Wir wollen und werden sicherlich nie in Masse herstellen und zu Schnäppchenpreisen verhökern!
Unser Ziel ist und bleibt zu zeigen und zu beweisen dass unser System aus individuell aufgebauten Bikes mit perfekter Federungstechnologie 
in eigenständiger Optik am hart umkämpften Markt der High-End Mountainbikes seinen eigenen Platz und seine Berechtigung hat.
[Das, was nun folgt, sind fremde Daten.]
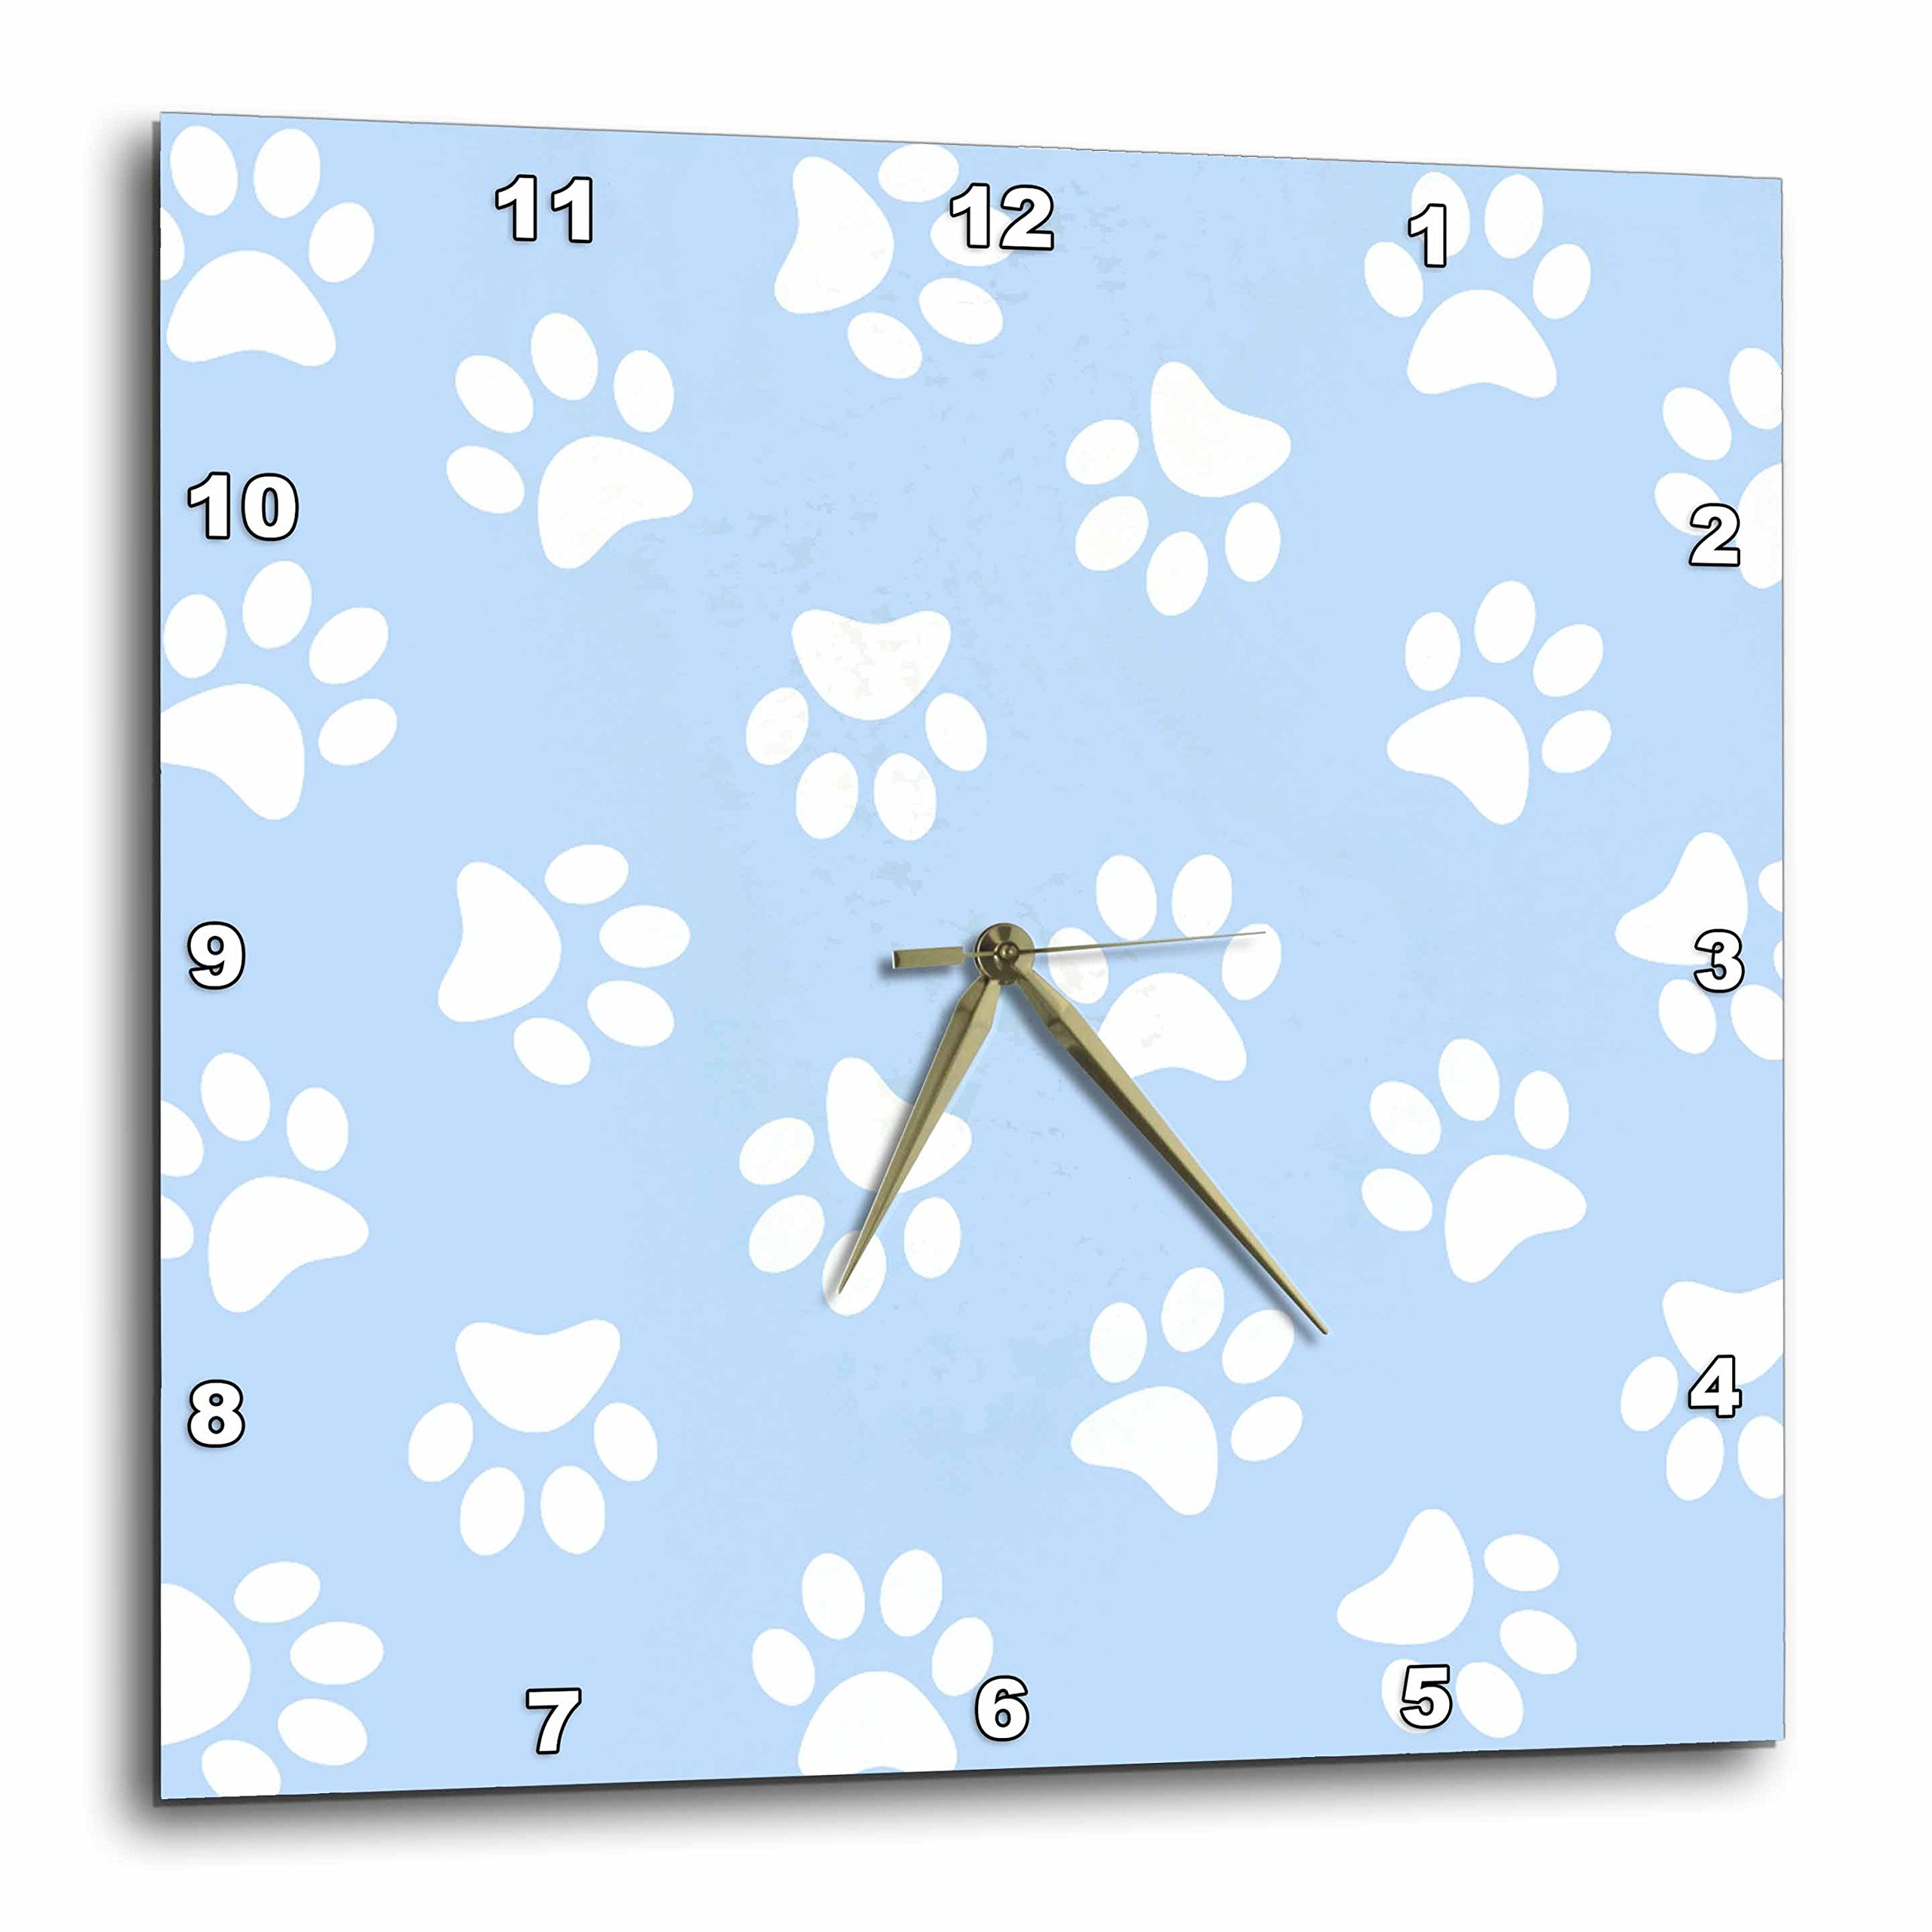 3dRose DPP_161523_1 Blue & White Paw Print Pattern Pawprints Cute Cartoon Animal Eg Dog or Cat Footprints Wall Clock, 10 by 10'' by 3dRose

Mit dem jetzt geschnürten  Paket aus erweiterter Entwicklung, verstärkter Testtätigkeit, verbesserter Kommunikation und 
neu aufgestellter Produktion werden wir auch weiterhin mit der bekanntermaßen unvergleichlichen des FloatLink-Performance 
ein innovativer kleiner Stachel im Nerv so manchen Groß-Serienherstellers bleiben und euch weiterhin 
Bikes liefern die nur zu einem Zweck gebaut werden: Um schnell zu sein und Spaß zu haben!

Das Team fusion Bikes, Rodgau 07.01.2008


----------



## hankpank (7. Januar 2008)

so mag ich das


----------



## Anbipa (7. Januar 2008)

Pyrosteiner schrieb:


> ... halt ich für ein Gerücht, also hochwertige Rohre gibts zuhauf, Kumpl arbeitet im Metallfachhandel...
> 
> 
> 
> ...





Hallo,
dein im Metallfachhandel arbeitender Kumpel ist sicherlich toll informiert,
wenn es um Wasserrohre geht oder um einfachstes Aluminium.

*Sicherlich nicht über spezielles Alurohr welches nur für die Fahrradproduktion ist.*

Zitat Fusion Support:

"Weiterhin sind bestimmte Rohrsätze und neueste Aluminium-Legierungen nur in Taiwan erhältlich und werden ausschließlich dort in der 
Produktion verwendet und nicht für Geld und gute Worte ins Ausland exportiert. 
Wir möchten euch aber auch in Zukunft mit innovativem Material versorgen können.
Nicht umsonst wird der Löwenanteil der interessanten Rahmen aller Marken in Taiwan gefertigt!"

Und warum ich hier Antworte ist Fusion ein super Bike  mit sehr großem Potenzial und ich noch Spaß am Forum habe.

Welches ich gerne verkaufe und selber fahre.

Ich arbeit sehr gern mit sehr hoher Kundenzufriedenheit.
und die habe ich.
Siehe einige Kommentare über mich.


*Außerdem hat der Tobi oben alles erklärt!!!!!*

Andy


----------



## fusionSupport (7. Januar 2008)

... zum Thema Rohrsatzverfügbarkeit in D ...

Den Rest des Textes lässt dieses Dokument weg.